Saturday, December 13, 2008

Weather forecast for tonight: dark.

Well, since it seems I'm being a lazy bum this week, this time around will be about weather!

There's an old saying "you don't go to Ireland for the weather." But it looks to me like it's perfect... well almost... I could do without rain.

During the winter it ranges from 40-50F and during the summer 60-70. How much better could it get? Anything over 70 is way too hot anyway.

But, it can be sunny one minute and raining the next. Storms can blow in from the Atlantic without notice. The rain doesn't last long though and comes as soft showers or a fine mist. And it usually produces some pretty nice rainbows!





(Here's a link to a breakdown of weather by months http://www.irelandlogue.com/weather ) April should be decent ... highs of 52.5F and lows of 39.9F in Dublin.

I plan to bring lots of sweaters. I'm hoping I won't need to wear a jacket, but in case I do, I'll make sure it's one with a hood. Or, the other choice is bring along t-shirts as well, and then wear hoodies. I'll bring my 2 pairs of boots along with my sneakers just in case.
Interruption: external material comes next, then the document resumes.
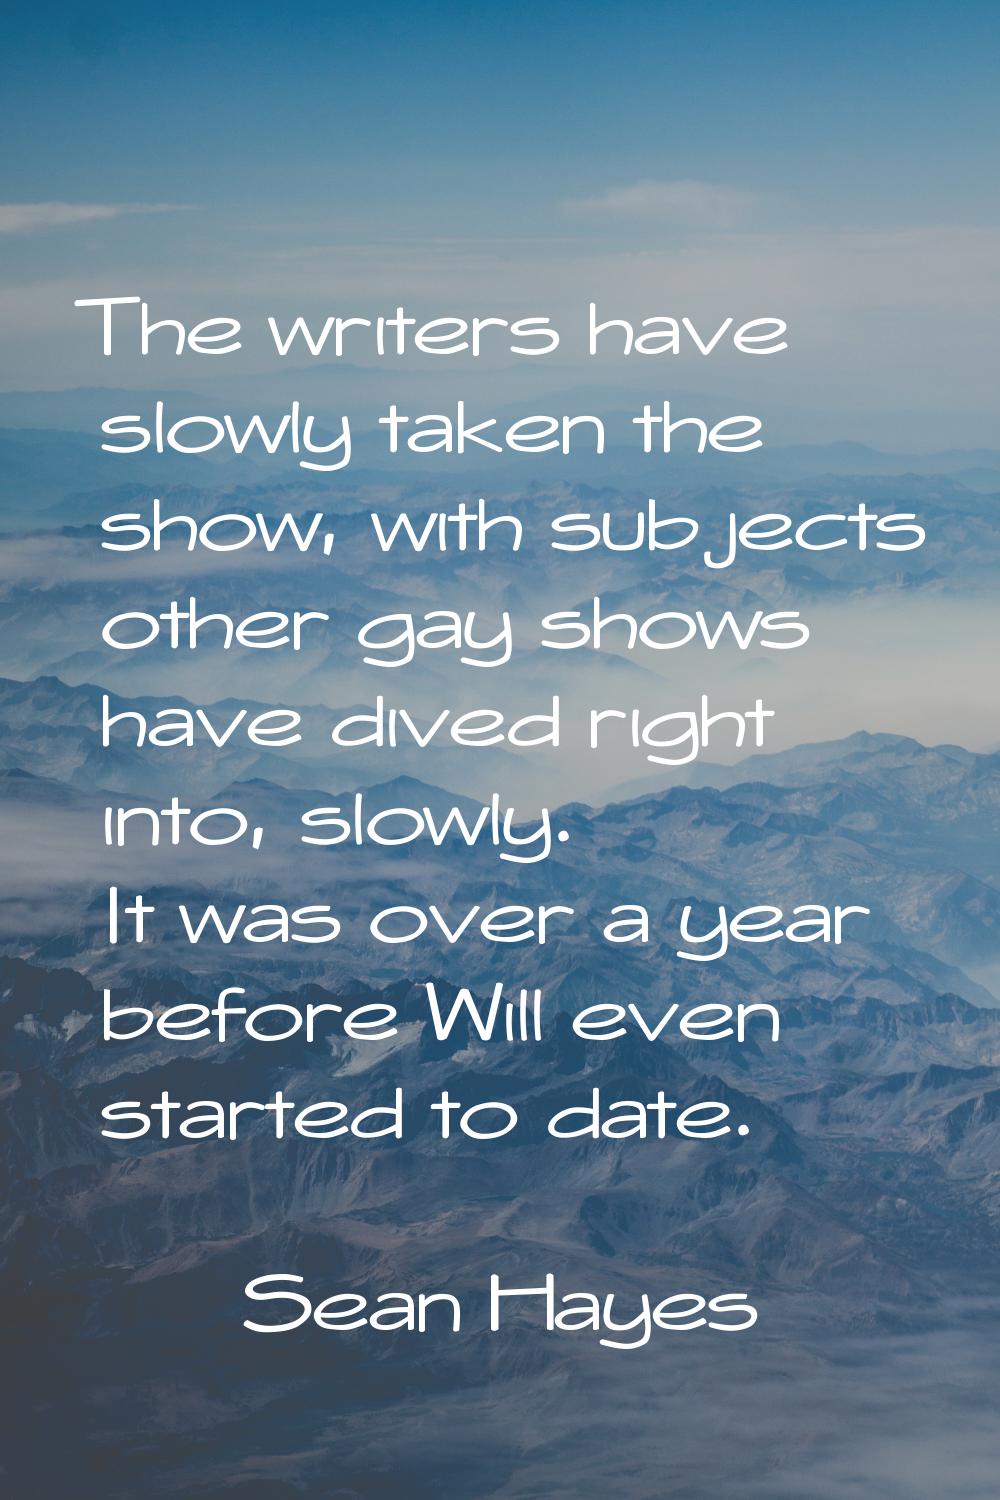 The writers have slowly taken the show, with subjects other gay shows have dived right into, slowly

An umbrella seems practical, yet a hassle. I'll stick with hoods, I think. My hair is just going to loooove this.

Until next time.

Friday, December 5, 2008

A journey of a thousand miles must begin with a single step.

As I've said, I'll be renting a car in Dublin, and driving to Longford (approx. 90 miles). Now, this creates a few issues:

1) I don't know how to read a map.
2) I don't know their road signs.
3) They drive on the other side of the road.


Here is the map I bought at B&N. The large orange area to the right is Dublin and the area to the left that I've circled is Ballymahon.





I will take the blue road that comes out of Dublin (I don't think you can read the road names, but the one that comes almost at a straight horizontal line out of Dublin) which turns into N4 (the green line). Then I could do one of two things:

-Continue on N4 to where the map reads Longford, then turn left (SW) to Ballymahon.
-Get off N4 where the map reads Mullingar and then take the little orange road straight to Ballymahon.

The main roads are undoubtedly easier than little roads, but I'd like to see some of the country at the same time. Decisions, decisions.

Once back in Dublin however, I'm not sure how much driving I will do. It seems almost more logical to walk most of the time. I will drive to the train station for my two trips at least.

Here is the Dublin map I bought at B&N:






At the top I've labeled the airport and the road (Tolka Road) my hotel is on. It's nice that they're so close to each other. Also, I've found the road that BNY is on there (towards the bottom right - Guild St.) and I think I'll make a pit stop there if I have time. (There's more to Dublin of course but I couldn't fit it all in nicely.)

This map is so much more detailed than the first... hooray for friendly locals!

Since I'll be there on Easter (oops!) when most things are closed, I was thinking about doing a road trip in Longford and the surrounding areas.

Much more to plan, much much more.

And I'll need to invest in a compass!